Increasing taxes on meat could be one solution, the researchers say, especially in regions where meat is consumed at high levels, such as North America, Europe, and Australia.
“That’s certainly unpopular, especially since a ten- or twenty-percent surcharge probably wouldn’t be enough, if it’s supposed to have a steering effect,” Quim says. “Meat, however, has a high environmental cost that is not reflected in current prices. It would be entirely reasonable and fair to have consumers share more of these costs.”
The researchers also suggest education plays a role in curbing our appetite for meat. The authors suggest “sustainable consumption” become part of curricula.

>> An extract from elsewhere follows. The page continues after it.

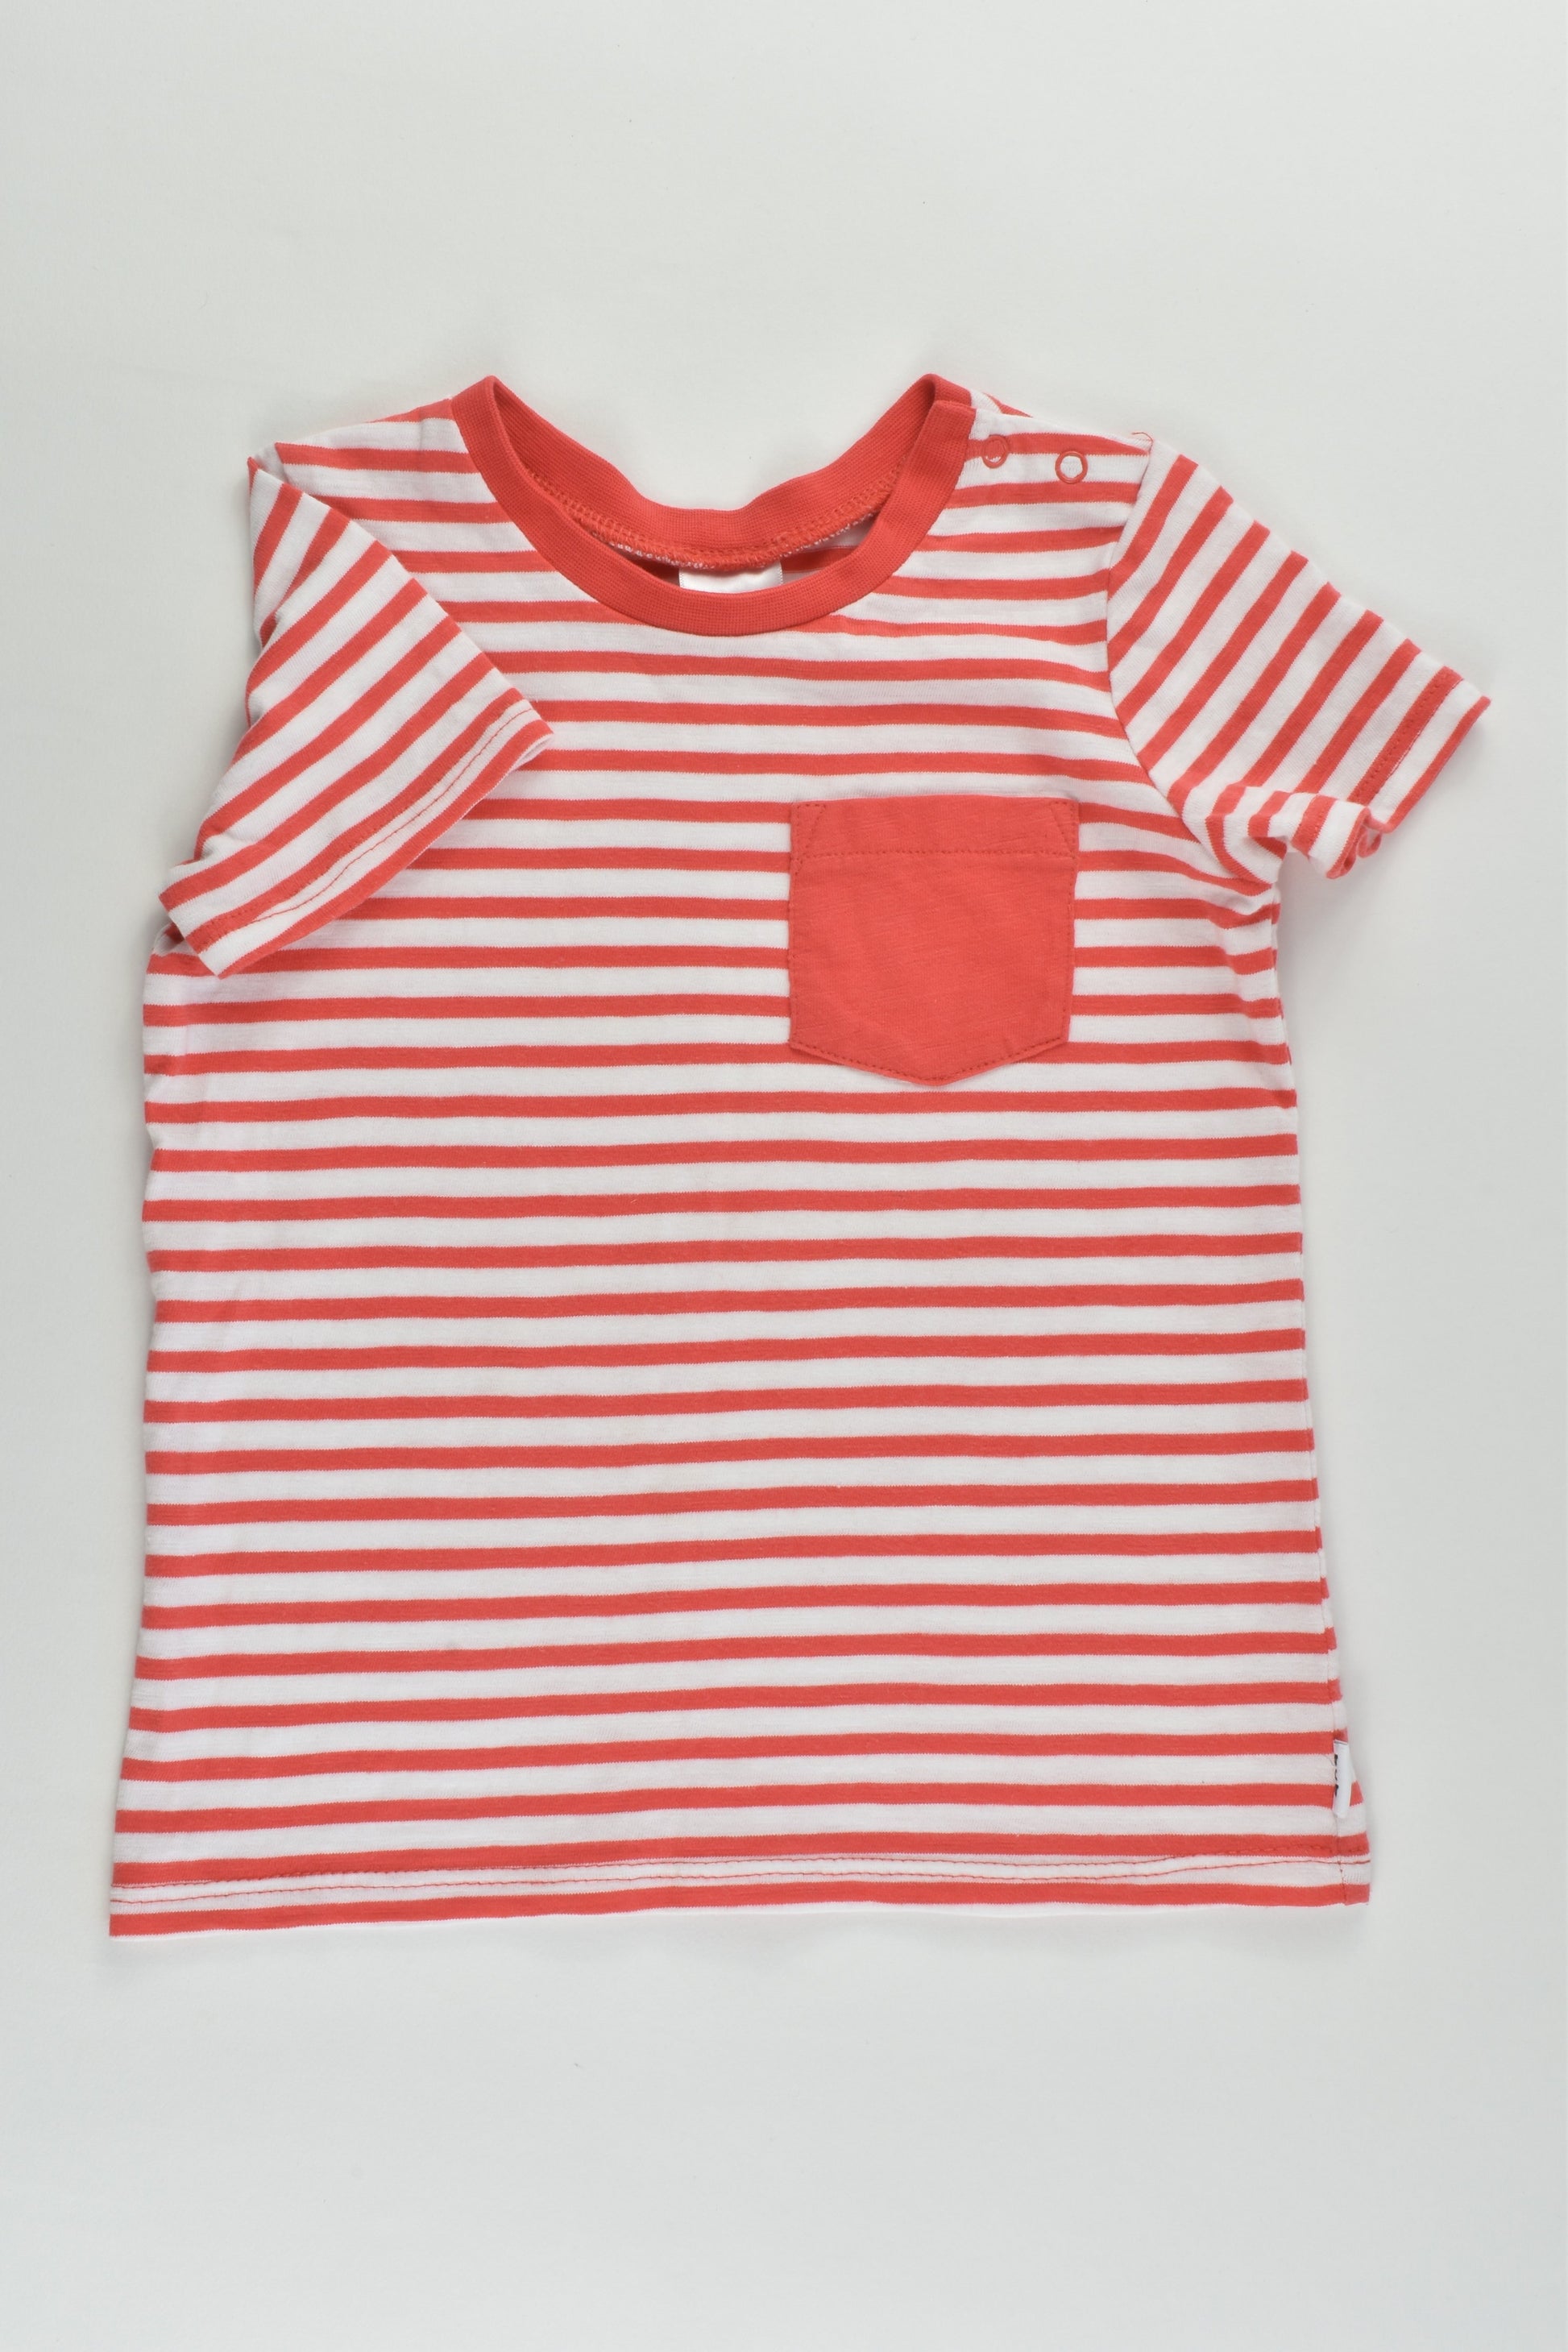 NEW Target Size 2 Striped T-shirt

“We need to become more sensitive to the global impact of our decisions,” says Qaim. “This is true not only with food, but also with the shirt we buy at the discount store to wear for a single evening at a party.”
There have been numerous studies and warnings from leading climate scientists on meat consumption and climate change. The new findings echo this, particularly as global meat consumption continues to rise in low and middle-income regions.
“Meat production requires more land and water than the production of plant-based foods and
has much larger environmental and climate footprints,” the authors note. “Hence, against the backdrop of planetary boundaries, high and further rising meat consumption levels are worrisome.”
They point to the negative health effects on human health and animal welfare associated with intensive meat production and excessive consumption.
“Therefore, notable reductions in meat consumption levels would be useful and important in terms of various sustainability dimensions, at least in high-income countries,” the researchers say.